I saw a post on circle hooks and it reminded me, I tied some streamers with circle hooks and my hook up rate went to s#$t. What can I do to improve my hook ups?


----------



## Maps (Apr 18, 2008)

If you try to "set the hook" with a cicle, you pull it away from the fish. The act of stripping the line is the same as trying to "set the hook."

Or not. 

I've never tried a circle hook fly so I'm just guessing.


----------



## Dragnfly (Jan 25, 2008)

Yeah, I think your right. I do set the hook when fishing streamers and the such. I read a few articles on tying with circle hooks so I tried it. Its kind of hard not to set the hook when you normally have to hit them a couple of times with "J" hooks.I think I'm going to stick with regular ole hooks.
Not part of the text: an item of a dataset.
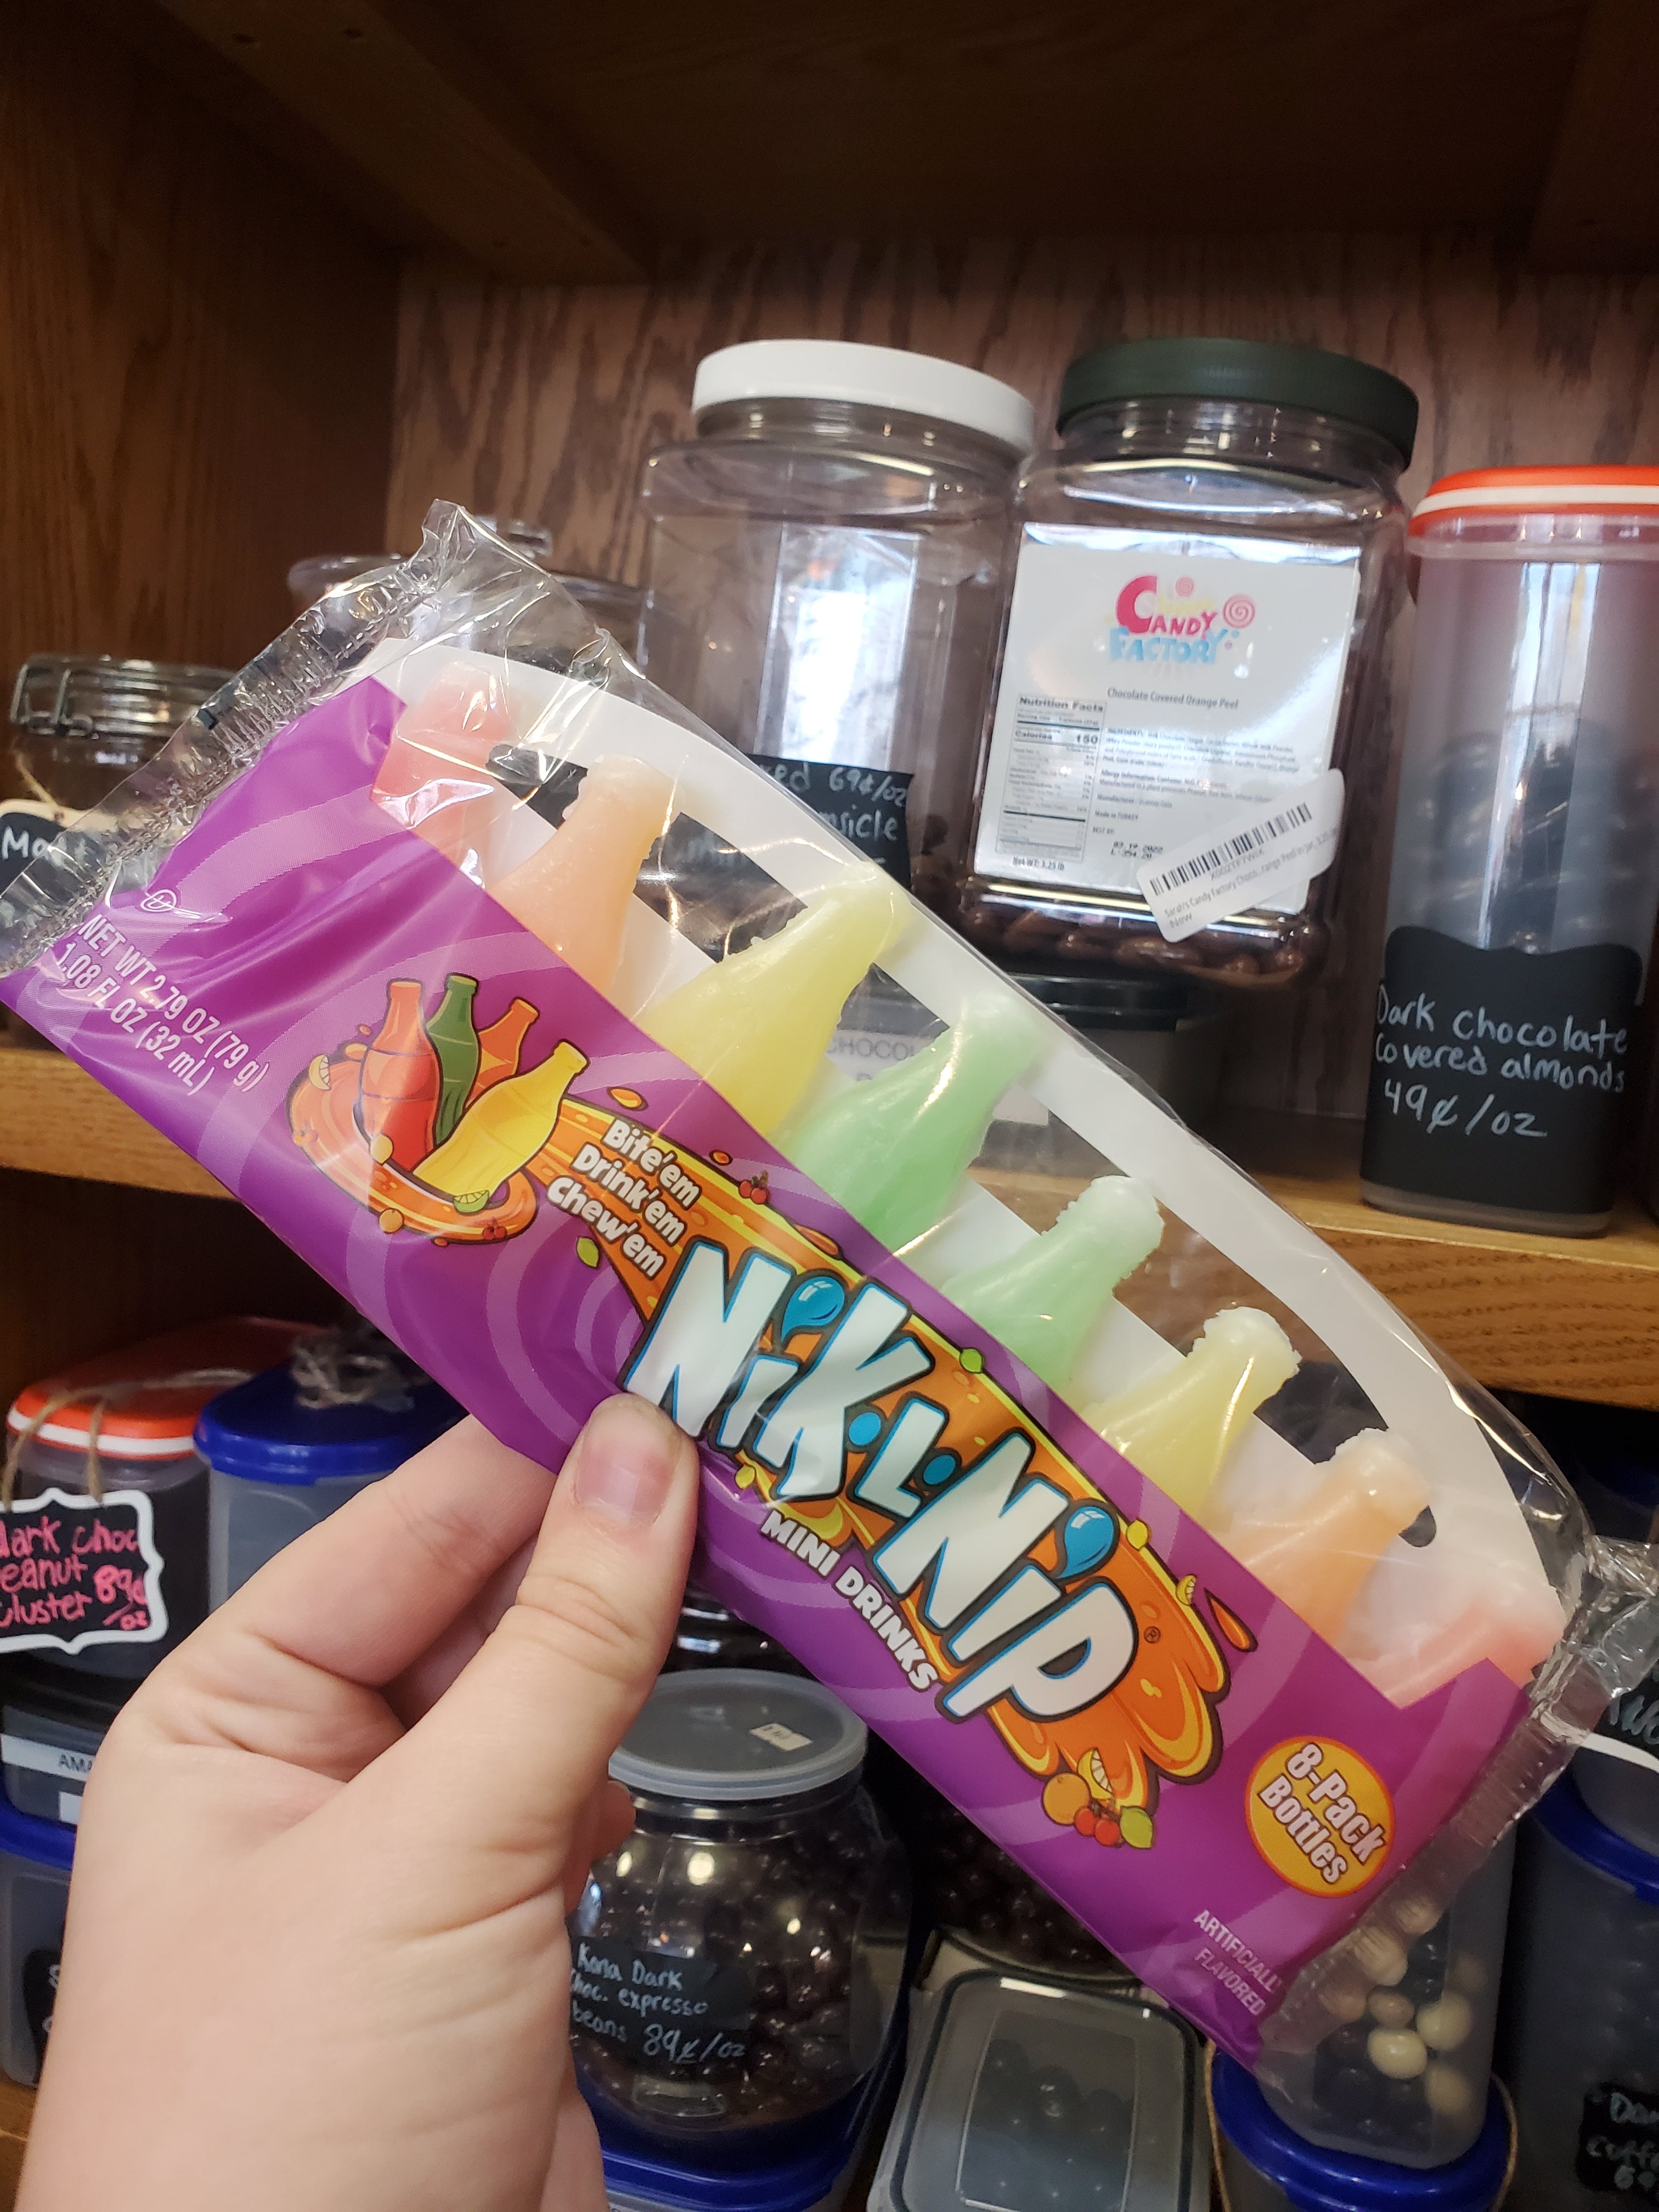 Nostalgia Candy: Wax Lips and Nik-L-Nips

Thanks.


----------



## captken (Feb 24, 2008)

I've tried circle hook flies and they just do not work FOR ME. Where I fish, I really need to use weedless flies and any attempt at rigging a weedguard on a circle hook makes it totally fishless.

Probably 99% of the SW flies I tie are on Mustad 3407 or 3411 hooks, usually in size 2-2/0. More than 50% are tied with weedguards.


----------



## a (Oct 2, 2007)

ive caught plenty of fish on circle hooked flies, just dont set the hook????


----------